Sebanyak 448 korban tercatat dalam musibah ini. Menewaskan 125 orang dengan 7 korban diantaranya anak-anak usia 12-17 tahun, juga tercatat 323 orang luka-luka ringan dan berat (Detiknews.com, 03/10/2022). Dan jumlahnya masih terus bertambah. 

Dilansir dari Tempo.co, kronologis kericuhan bermula setelah berakhirnya pertandingan. Sekitar 3000 suporter Arema tidak terima kekalahan timnya atas Persebaya hingga turun ke lapangan. Massa yang terus mendesak, membuat polisi melemparkan gas air mata, membuat kepanikan penonton semakin bertambah. Mereka berusaha menyelamatkan diri dengan berdesak-desakan dan terinjak-injak (Tempo.co, 02/10/2022).

Pernyataan pelatih Arema FC, Javier Roca, melihat kedekatan yang baik antara para pemain dan pendukung, tidak dapat menyembunyikan penyesalannya atas kemalangan para korban. Dia menyatakan, “Tidak ada hasil dalam permainan apa pun, betapa pun pentingnya, itu bernilai nyawa.” (Bola.com, 03/10/2022).

Pemahaman akan pernyataan Javier Roca ini pudar seiring memanasnya persaingan dua kubu untuk meraih kemenangan. Permainan yang sejatinya bisa membuat sehat ini malah berujung derita. Paradigma ashobiyah yang mengikat pesepak bola dan partisannya tidak dipungkiri sebagai katalisator munculnya sikap berlebihan dalam menyemangati dan mengunggulkan tim masing-masing. 

Patron yang lahir dari aqidah sekuler-kapitalisme ini mengarahkan para pelaku mensikapi sesuatu dengan akal pendek. Kebebasan insaniah yang diusung ideologi kapitalisme ini tak ayal selalu menyisakan penderitaan. Individualisme yang muncul dari penerapan kaidah fikriyah kapitalisme ini memberikan ruang besar bagi pelaku untuk menunjukkan ketidakpuasannya terhadap sesuatu dengan egosentris, memburamkan kewajiban diri menjaga lingkungan sekitarnya.  
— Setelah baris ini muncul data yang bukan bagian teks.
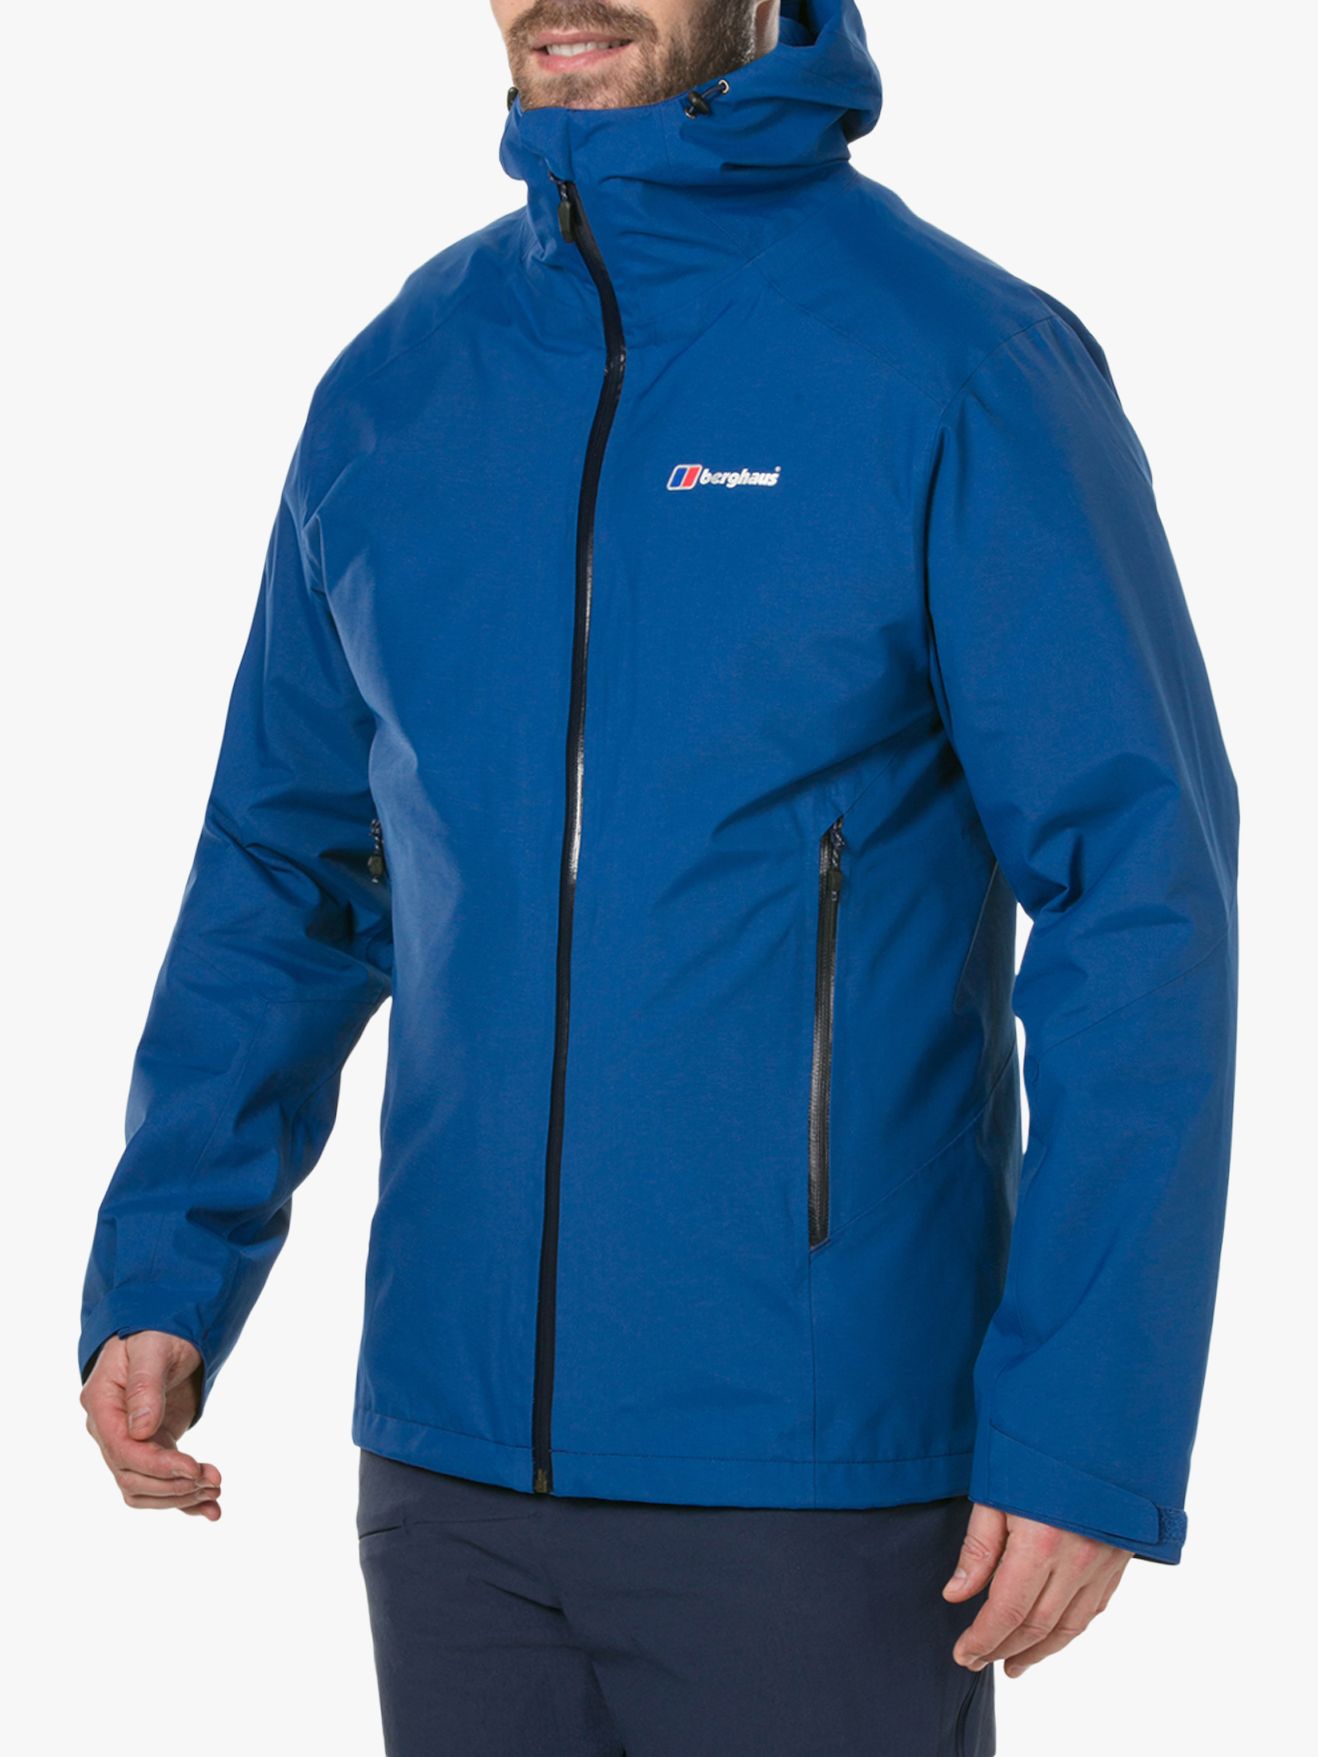 berghaus triclimate jacket

Kebijakan olahraga yang salah ketika kehidupan manusia dipimpin oleh ideologi kapitalisme, dengan asas manfaat sebagai pandangan hidupnya untuk kesenangan duniawi dan materi. Dunia olahraga pun disulap menjadi industri untuk mewujudkan ambisi materi, duniawi dan polularitas. 
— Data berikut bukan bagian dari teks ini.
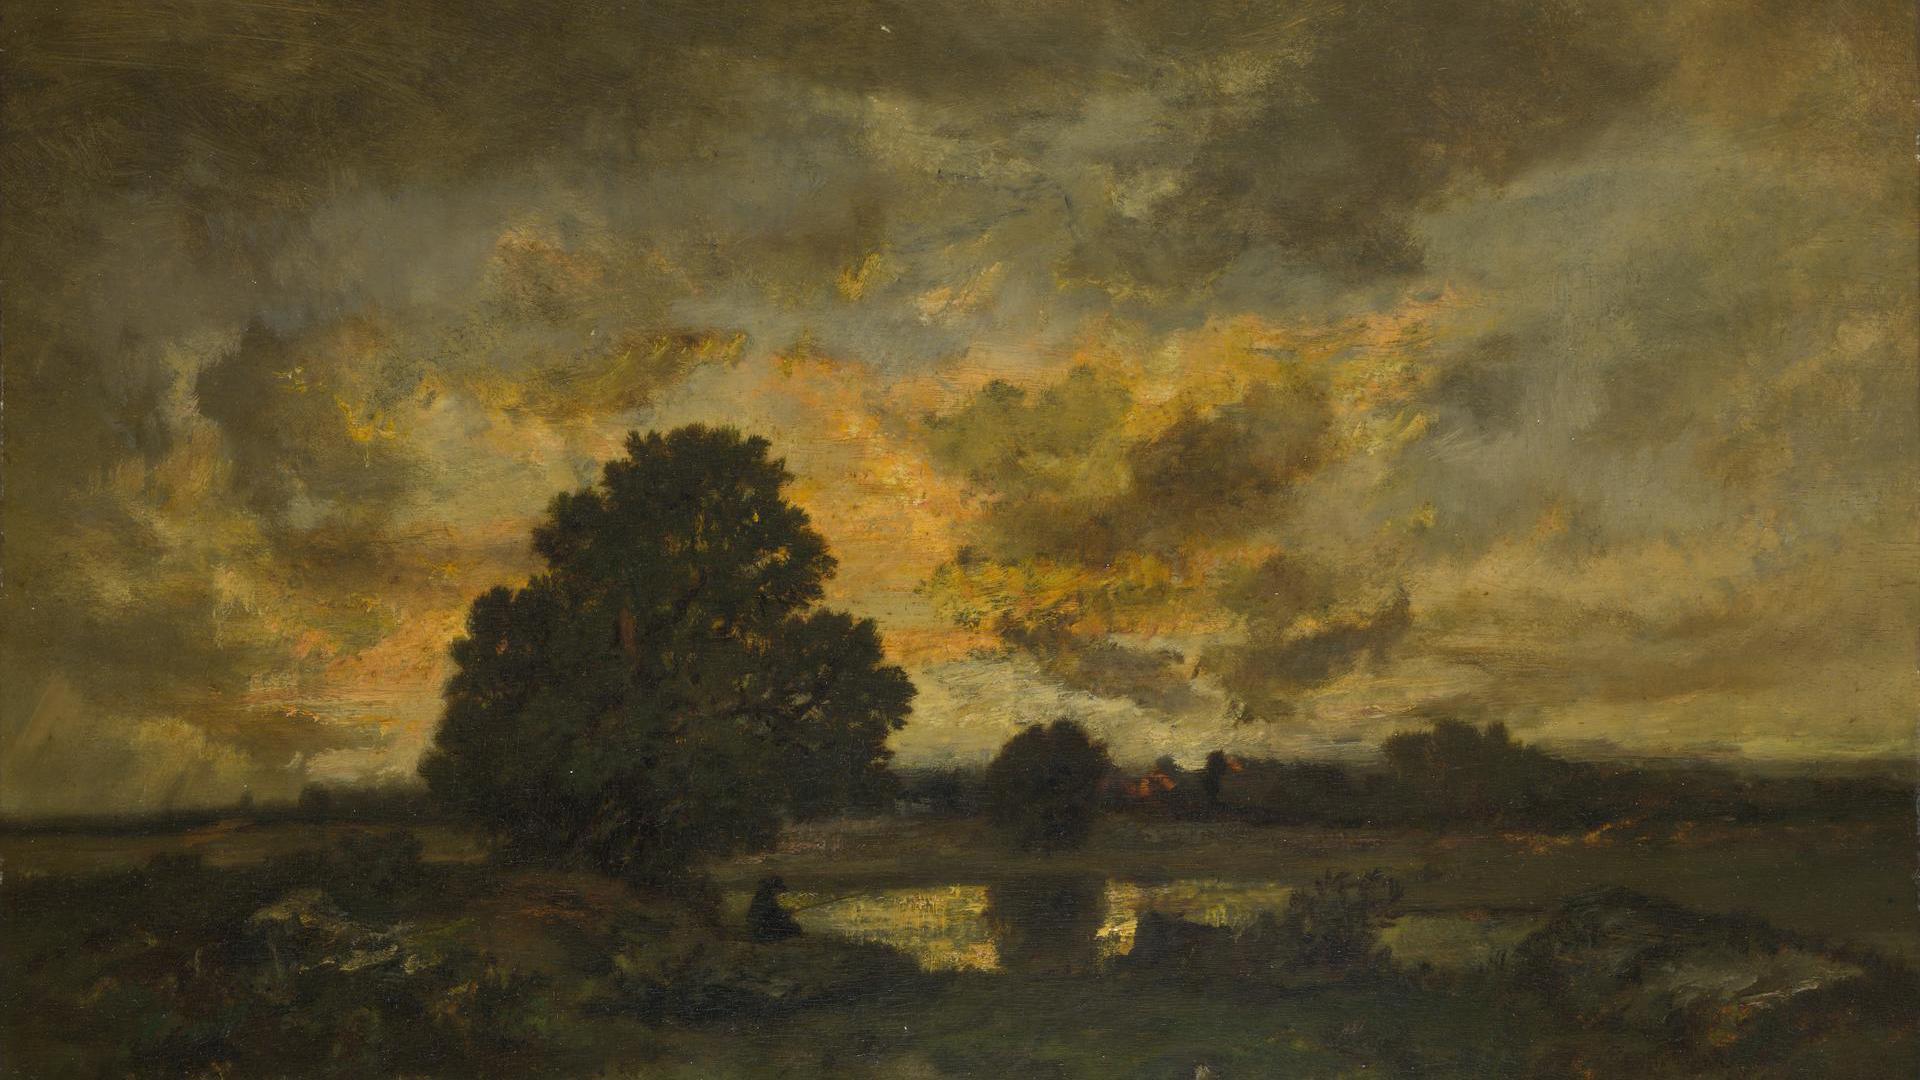 Common with Stormy Sunset by Narcisse-Virgilio Diaz de la Peña

 Berbeda halnya dalam Islam. Islam sangat mementingkan kesehatan raga manusia. Salah satu yang dapat dilakukan adalah dengan berolahraga. Bahkan ada 3 jenis olahraga yang bernilai sunah yaitu berenang, berkuda, dan memanah. Sementara sepak bola dalam Islam hukumnya mubah atau boleh. 
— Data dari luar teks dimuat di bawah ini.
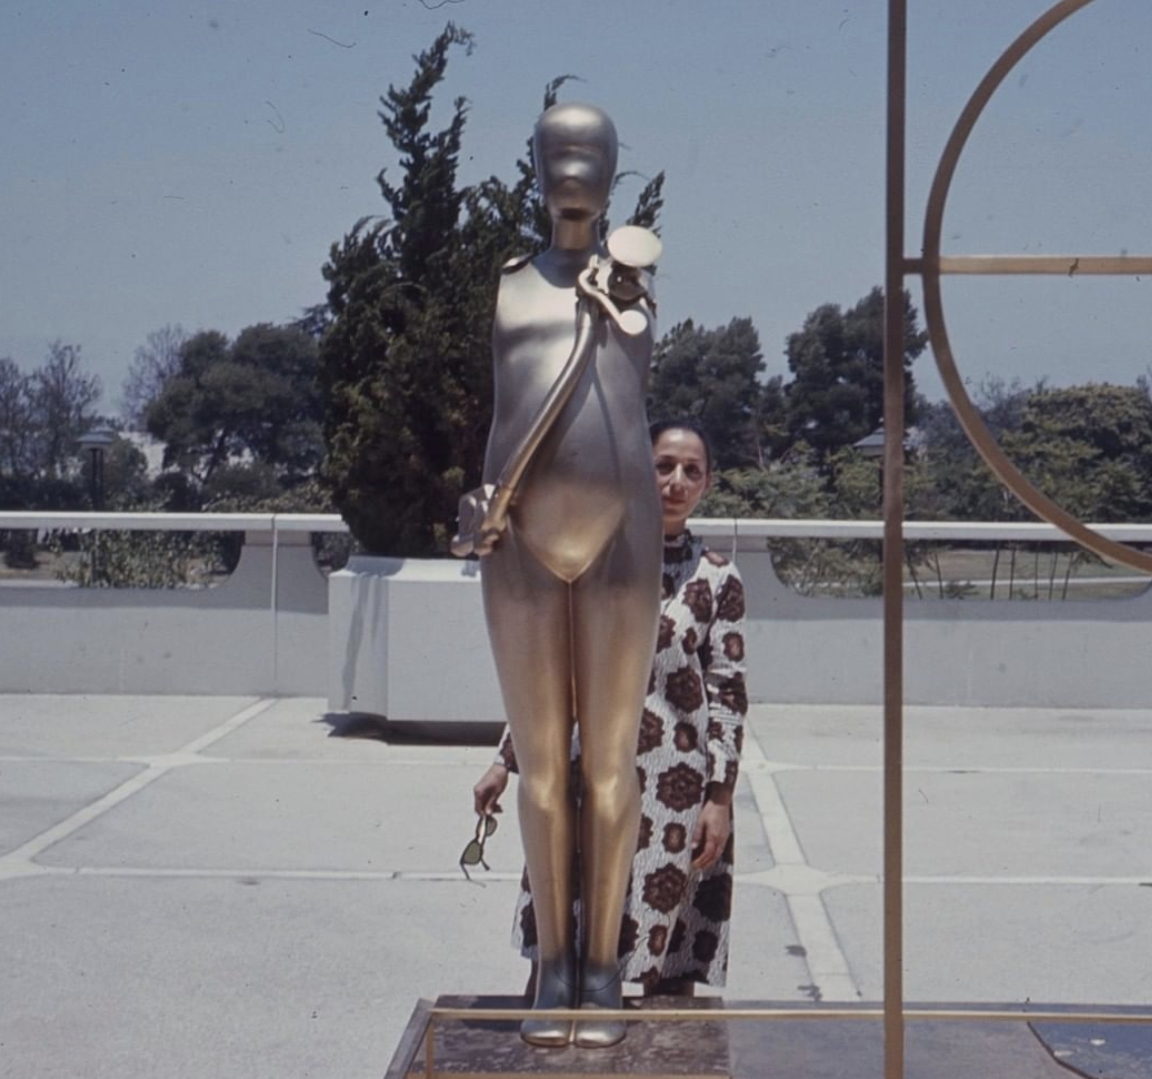 Image: Luchita Hurtado on a visit to LACMA in 1967, photo courtesy of the Hurtado studio.

Tujuan melakukan gerak tubuh dalam Islam adalah agar organ-organ tubuh berfungsi dengan baik, sehingga mampu menunjang pelaksanaan ibadah yang optimal karena tubuh kuat dan bugar. Terlebih lagi, olahraga dalam Islam bertujuan mempersiapkan kekuatan untuk menyebarkan Islam, meruntuhkan halangan fisik yang merintangi syiar.

Saat ini, banyak kompetisi olahraga yang mubah tersistem melalaikan dan membahayakan manusia (Al-Lahwun Al-Munazhom). Apa yang terjadi di Kanjuruhan Malang, Jawa Timur adalah salah satu bukti bahwa saat ini manusia tersibukkan untuk meraih juara dalam sport bukan sekedar untuk mendapatkan badan yang fit.

Dalam sebuah nasyroh, beberapa bahaya Al-Lahwun Al-Munazhom adalah adanya pengalihan tujuan untuk kesehatan menjadi sesuatu yang lebih rendah yaitu kesenangan sesaat. Kemudian adanya rancangan-rancangan yang bersifat berjenjang mulai dari daerah, lokal, nasional bahkan dunia. Bahkan tidak hanya pada ranah olahraga saja, namun mencakup seluruh aktivitas manusia. Semua tujuan tersebut menyibukkan seluruh bagian masyarakat. 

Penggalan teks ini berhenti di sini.